• **Task item**
Once the pictures are set aside, transcribe the remaining data exactly.

• **Dataset section**
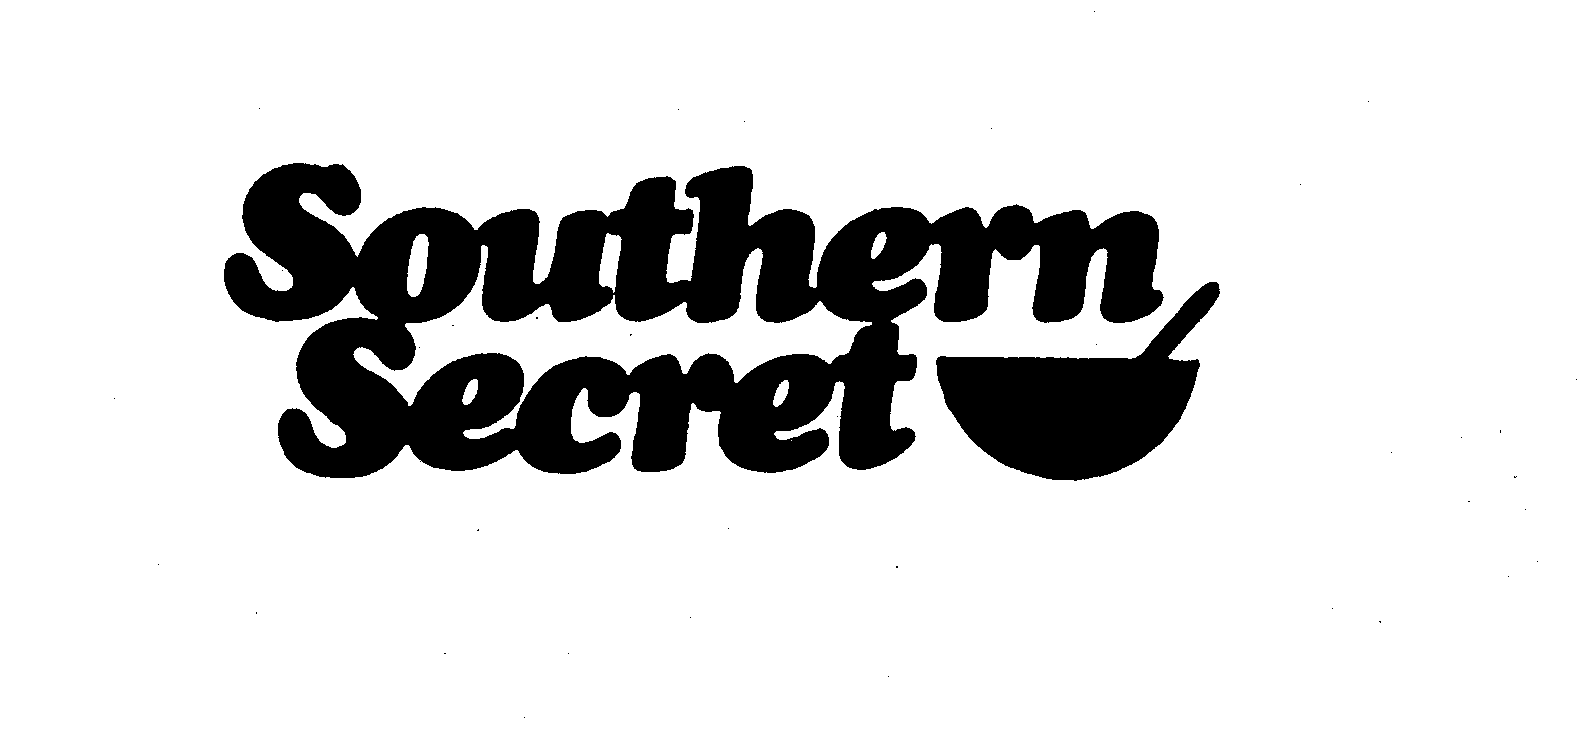  SOUTHERN SECRET
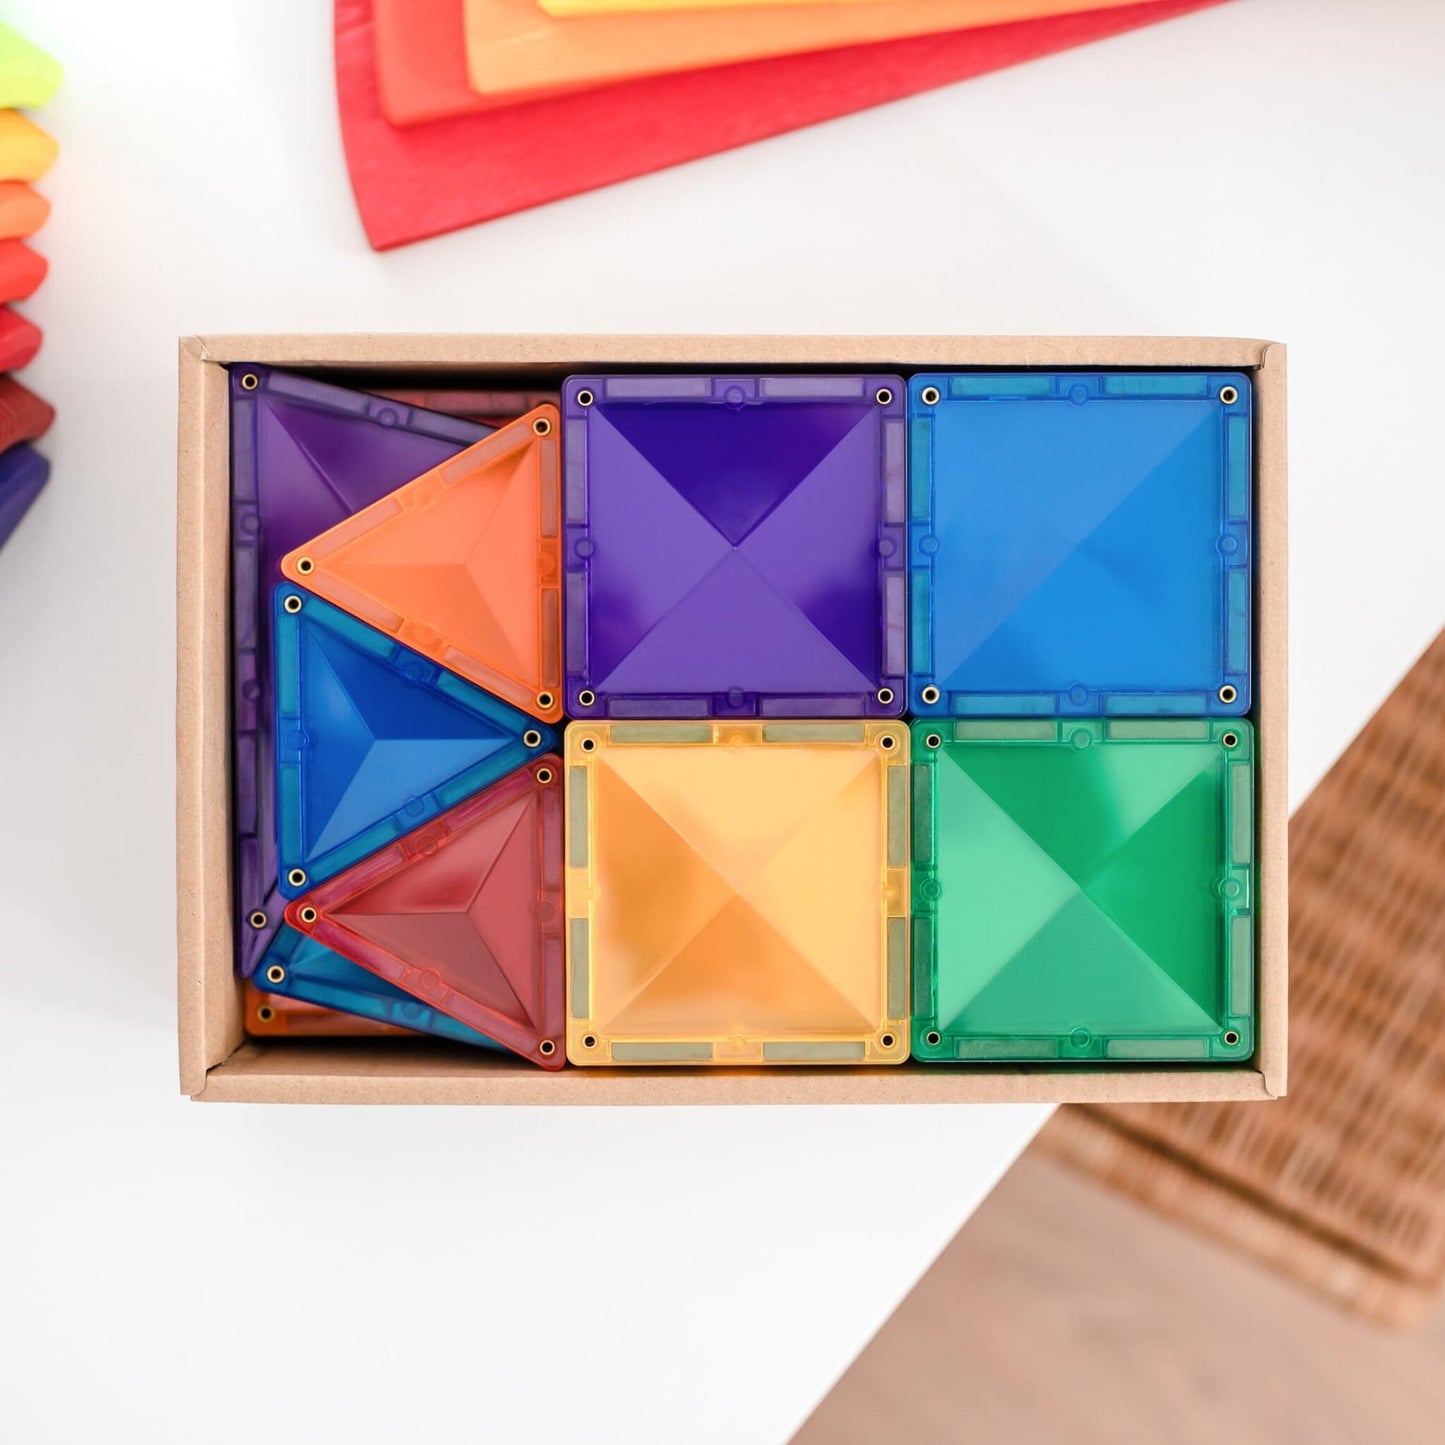 Connetix Tiles | Rainbow | 60pc Starter Pack
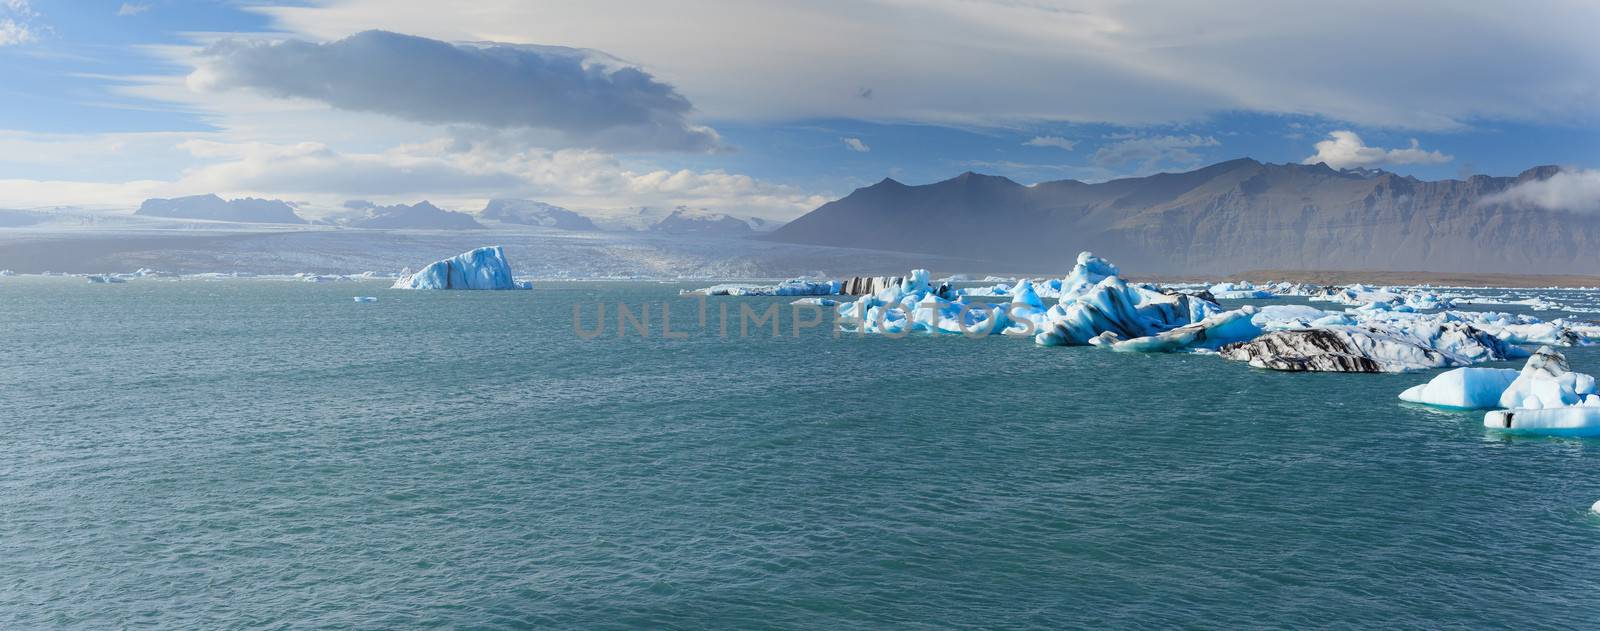 Glacier lagoon in east iceland by maxoliki
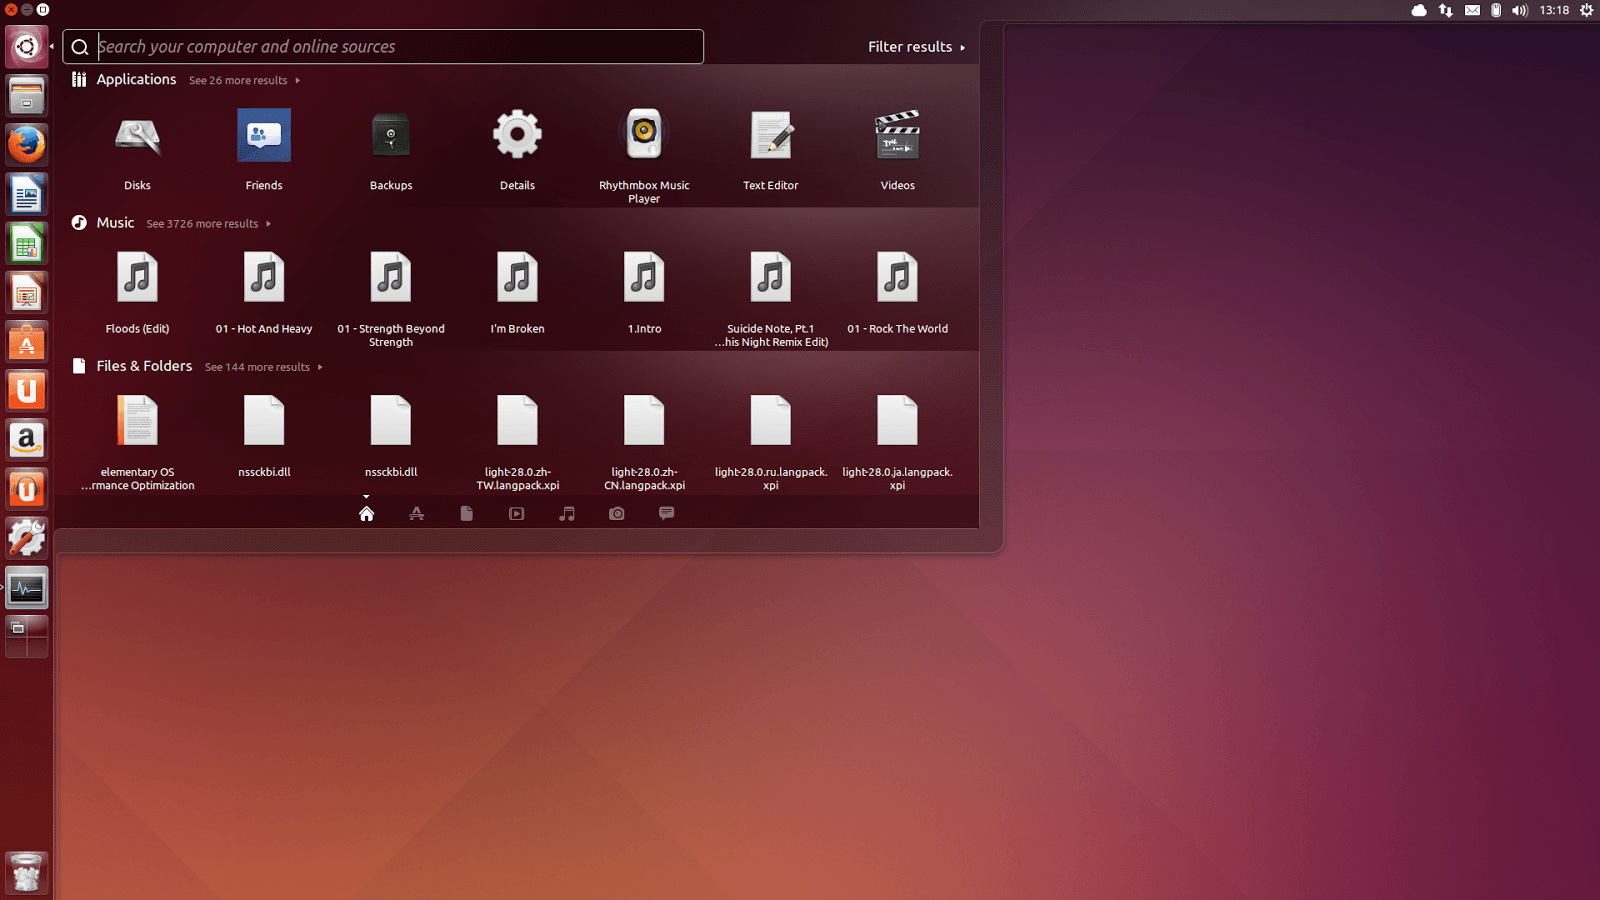 Ubuntu Linux de Canonical

• **Task result**
  SOUTHERN SECRET
 Connetix Tiles | Rainbow | 60pc Starter Pack
 Glacier lagoon in east iceland by maxoliki
 Ubuntu Linux de Canonical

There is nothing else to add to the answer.